Let’s say you have a binary classification problem and you want to train a random forest model, a gradient boosted tree (XGBoost) model and a support vector model (SVM) model.
Requirements:
-
The random forest algorithm handles both numerical categorical and numeric predictor variables. The response variable needs to be a factor.
-
The XGBoost algorithm only handles numerical predictor variables. The response variable needs to be converted into a numerical vector (i.e.
0
or1
). -
The linear SVM algorithm requires scaled numerical predictor variables. The response variable needs to be converted into a factor that is not represented by
0
and1
.
This means that a single dataset can end up requiring multiple factor and dummy variable transformations. Let’s explore this scenario further using a fun test dataset.
Cats are such idiosyncratic creatures.

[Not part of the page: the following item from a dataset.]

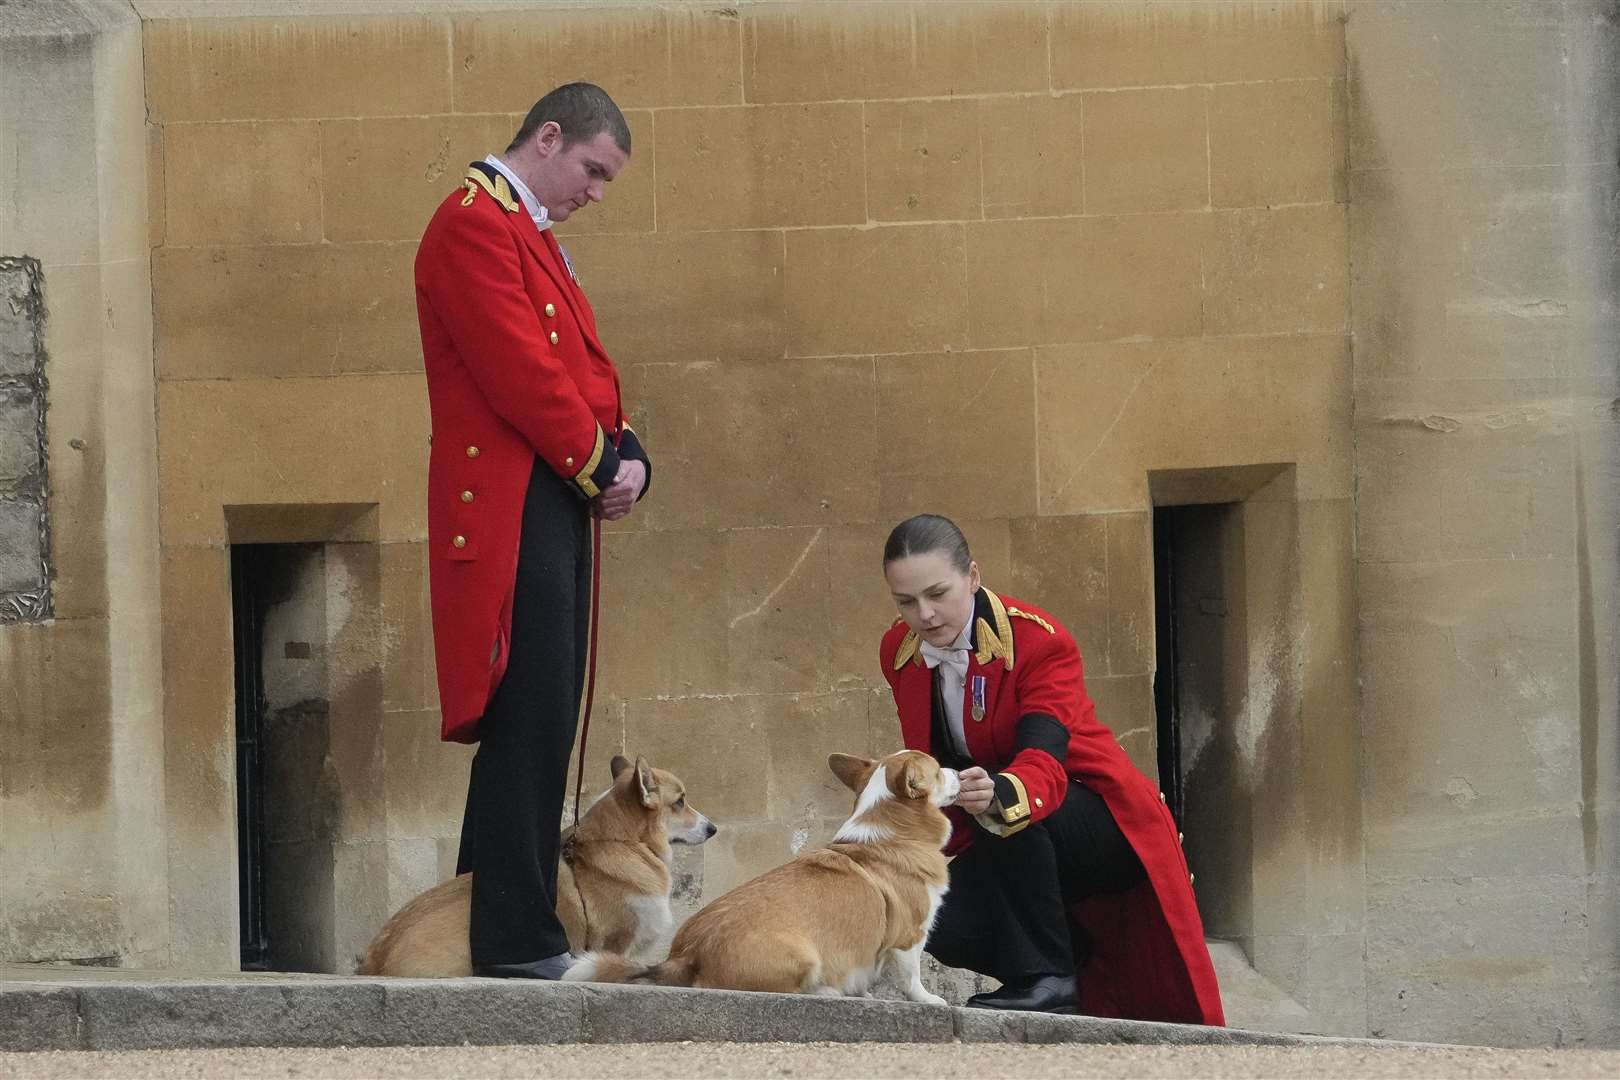 The Queen’s corgis, Muick and Sandy, were brought outside during the Ceremonial Procession through Windsor Castle (Gregorio Borgia/PA)

You can never really tell if a cat wants a pat but then decides to bite you instead. So what if machine learning could help us better predict cat behaviour (to pat or not to pat - that is the question)?
Note: The code used to create this dataset can be accessed from the
Rmd
file accompanying this tutorial.
#-----using kable to quickly visualise the test dataset-----
cat_prediction %>%
head(10) %>%
knitr::kable()
cat_breed | age | fav_activity | likes_children | will_bite |
---|---|---|---|---|
mixed | 5.0 | napping | no | no |
bengal | 7.2 | napping | no | no |
siamese | 0.8 | sitting_on_humans | no | no |
bengal | 4.0 | napping | no | no |
british_shorthair | 4.8 | hunting_toys | no | yes |
bengal | 5.8 | sitting_on_humans | no | yes |
aristocat | 5.8 | sitting_on_humans | no | no |
bengal | 7.0 | napping | no | yes |
siamese | 5.6 | napping | no | no |
ragdoll | 2.3 | hunting_toys | no | no |
There are two ways to handle factors:
- Using base
R
to create factors and modify factor levels. - Using
forcats
from thetidyverse
library to simplify complex factor wrangling.
Using factor
without specifying factor levels automatically converts
character vectors into a numerical index of character vectors.
Specifying factor levels also allows you to specify the order of levels.
Note: Factor levels need to match unique(vector_values)
to prevent
the generation of NA
values.
#-----converting the response variable into a factor using base R-----
cat_prediction_factor <- factor(cat_prediction$will_bite)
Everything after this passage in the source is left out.